It may surprise those of you who do not live in London, but we do not all make banker salaries. Sadly we are on only marginally higher salaries than those working in other cities around the UK. Frustratingly this is not reflected in the cost of housing. It is important to point out here that all of my below figures and observations are focused on cities as it would not be a fair comparison to compare London to a village in Somerset. My husband is certainly not on a bankers salary and we have absolutely no chance of buying a house in the next 5 years at the very least. Before anyone asks, yes, this is taking into account the possibility of moving further out of London into one of the home counties within a commutable time for my husband to get to central London. We still can’t afford to buy a flat, let alone a house for our growing family.
I have put together the below chart showing the average cost of a terraced house in each of the major cities across England (statistics used only represent England, not the full UK), compared to the average salary in each of these cities. You will see that the average salary in London is only 31% higher than the national average when the average cost of a terraced house in London is 184% higher than the national average. How is this fair??
Those of us who are in the middle, as opposed to a tenant in a council house or on a bankers salary, we are royally screwed. Most local schemes are for those on a low income, which although we are not on a massive income, we are not considered to be on a low income. The government have attempted to address the housing crisis with various Help to Buy schemes, however with the ridiculous cost of housing in London, they are of little help to the average family. Below are my responses to a few of the supposed Help to Buy schemes;
Help to Buy ISA – This is actually the one policy that I agree with wherever in the UK one lives. The ISA is designed for first time buyers saving for a deposit. For every £200 saved into this specialist ISA available from most banks, the government will give a bonus of £50, up to a maximum of £3, 000.
Equity Loan – The government will lend you up to 20% of the cost of a newly built home (up to 40% in London) to be paid back either when selling the property or when re-mortgaging, so that one would only need a 5% deposit and a 75% mortgage to make up the rest.
This is great in theory but when looking at new builds in London, the cheapest 2 bedroom property (we have a daughter so has to be at least 2 bedrooms) I could find was a flat advertised from £517, 000 in Deptford. Ignoring the fact that this is a small flat without a garden in a non desirable part of London; we would have to save a deposit of £28, 850, borrow (40% of property price) £206, 800 from the government and get a mortgage of £284, 350. On one salary we would not be able to borrow this much, and many mortgage companies are not willing to supply mortgages on these schemes anyway.

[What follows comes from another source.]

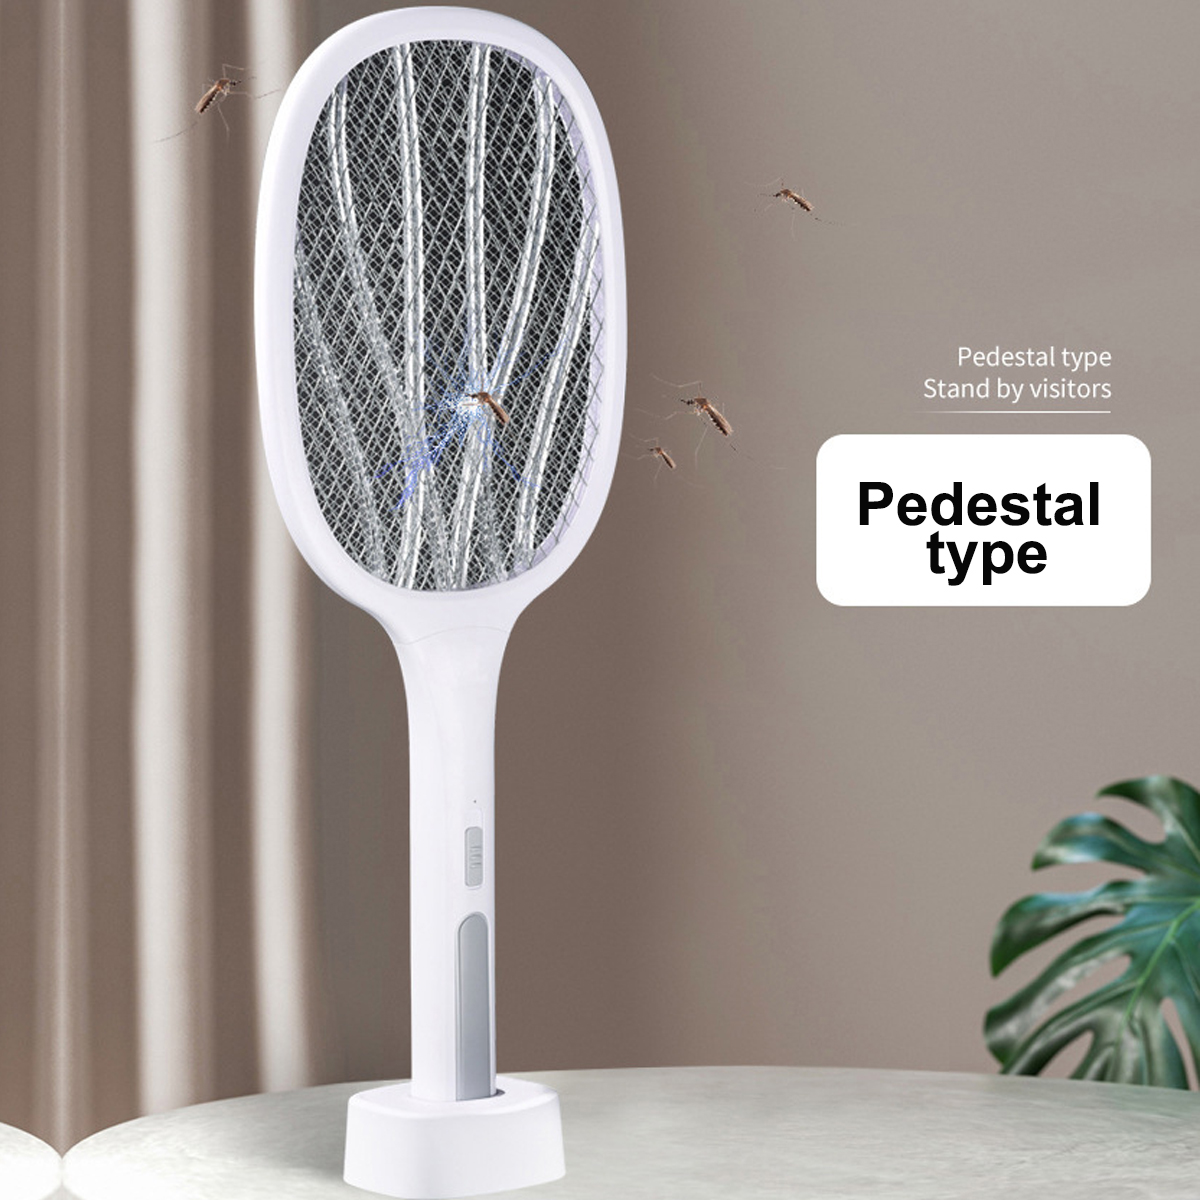 106LED-Electric-Flies-Mosquito-Swatter-3000V-Anti-Mosquito-Fly-Bug-Zapper-Racket-Rechargeable-Summer-1883413-10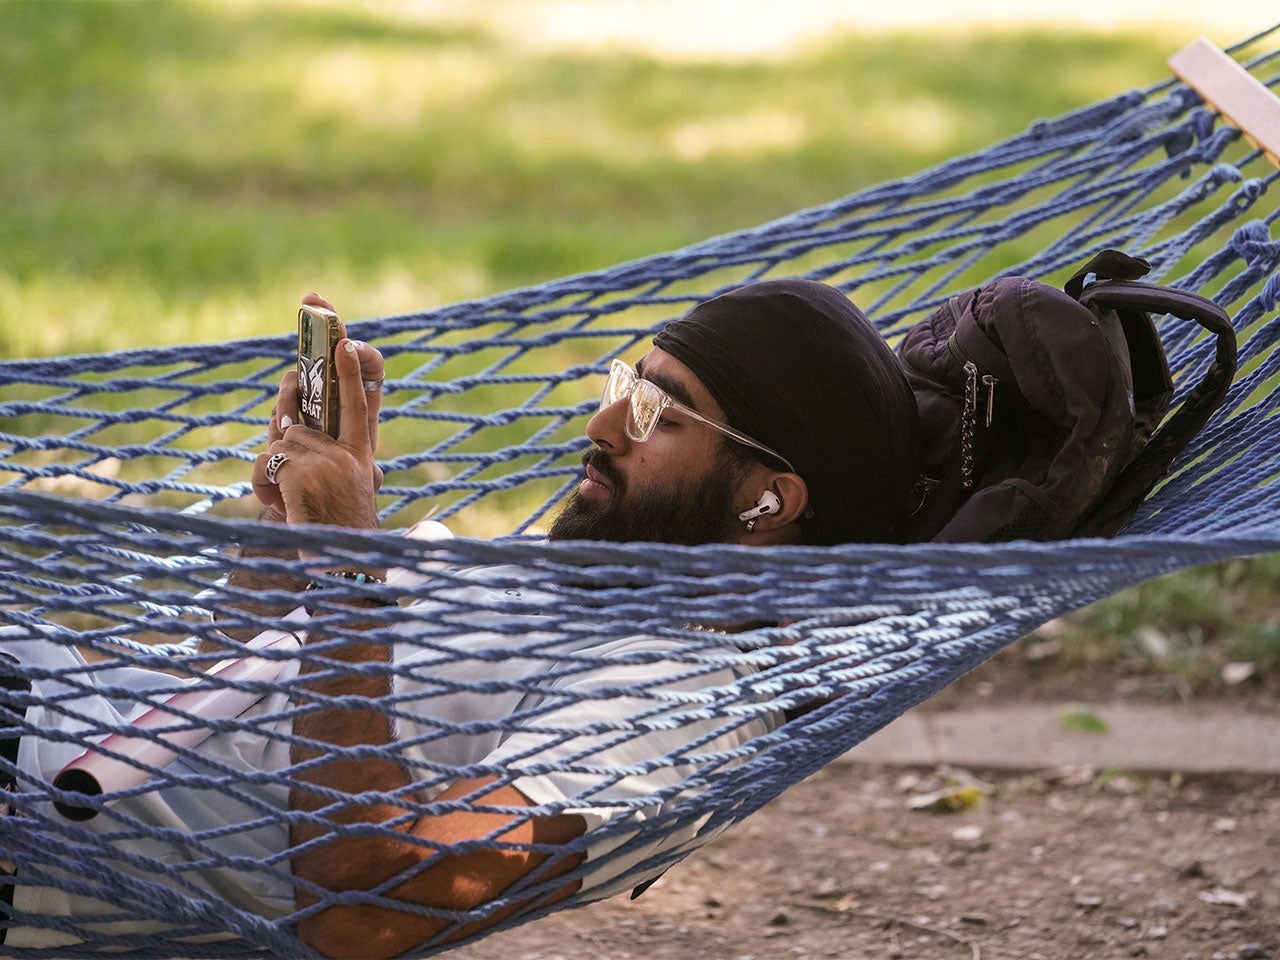 A ˽̳ Davis student scrolls on their phone while swinging in a blue hammock on campus.

So what if we look at new builds outside of London?! Using the Help to Buy East and South East website (as only certain houses are part of the scheme), the cheapest 2 bedroom property within a commutable distance for my husband is a flat (again no garden for our daughter) for £372, 750. Using the same maths as above apart from the Equity Loan being 20% as the flat is outside of London; we would need a deposit of £18, 637, borrow £74, 550 and get a mortgage of £279, 562. Again, we would not be able to get a mortgage for this much.
The scheme also does not take into account the impossibility of saving for a deposit while paying the ridiculous rents in London; according to HomeLet the average rent is £1, 472 a month, this is over 50% of the net salary (after tax and NI) of someone earning the average £34, 729 (£2, 231 a month net)
Shared Ownership – I thought that this would be a total goer. In partnership with the Local Housing Association (LHA) in the relevant area, one may purchase a percentage of a property (typically 25-75%) and pay rent to the LHA on the part that they own. The rules specify that one must be a first time buyer and have a household income of less than £80k.
It is a great way to just get a foot on the ladder. However. When looking into the scheme, pretty much every property had a rule that the person purchasing the property had to work or live in the area. Therefore all of the areas that we would like to move to and/or are of a commutable distance from my husband’s work are off of the table as an hour’s drive does not constitute as ‘local’. As we are unable to afford even a share in a property in the area that we currently live in, then this scheme is also a complete let down for the average family in London.
The question is what is going to be done about it? Everyone always says “the house market will have to crash at some point”, but I don’t think it is going to ‘crash’ enough for the average family in London to be able to buy a property in the near future. The government need to consider capping the number of properties a landlord can buy up within Greater London and a higher tax needs to levied on second homes in London. The city is also in desperate need for new homes, but where is the space and the money to do this? A policy should also be enforced where all new builds need to be purchased by people who will actually be living in the property; no buy to let and no second home. Harsh I know, but this is the only way that the average family are going to get the helping hand they need instead of just handing money to people who already have money, to make more money.
The London Mayoral Election is on 5 May. All of the candidates say that they will provide more housing but how they will do this is often not explained. I will wait with baited breath to see who will be taking on this task along with Cameron’s gang, but I sadly don’t hold out much hope.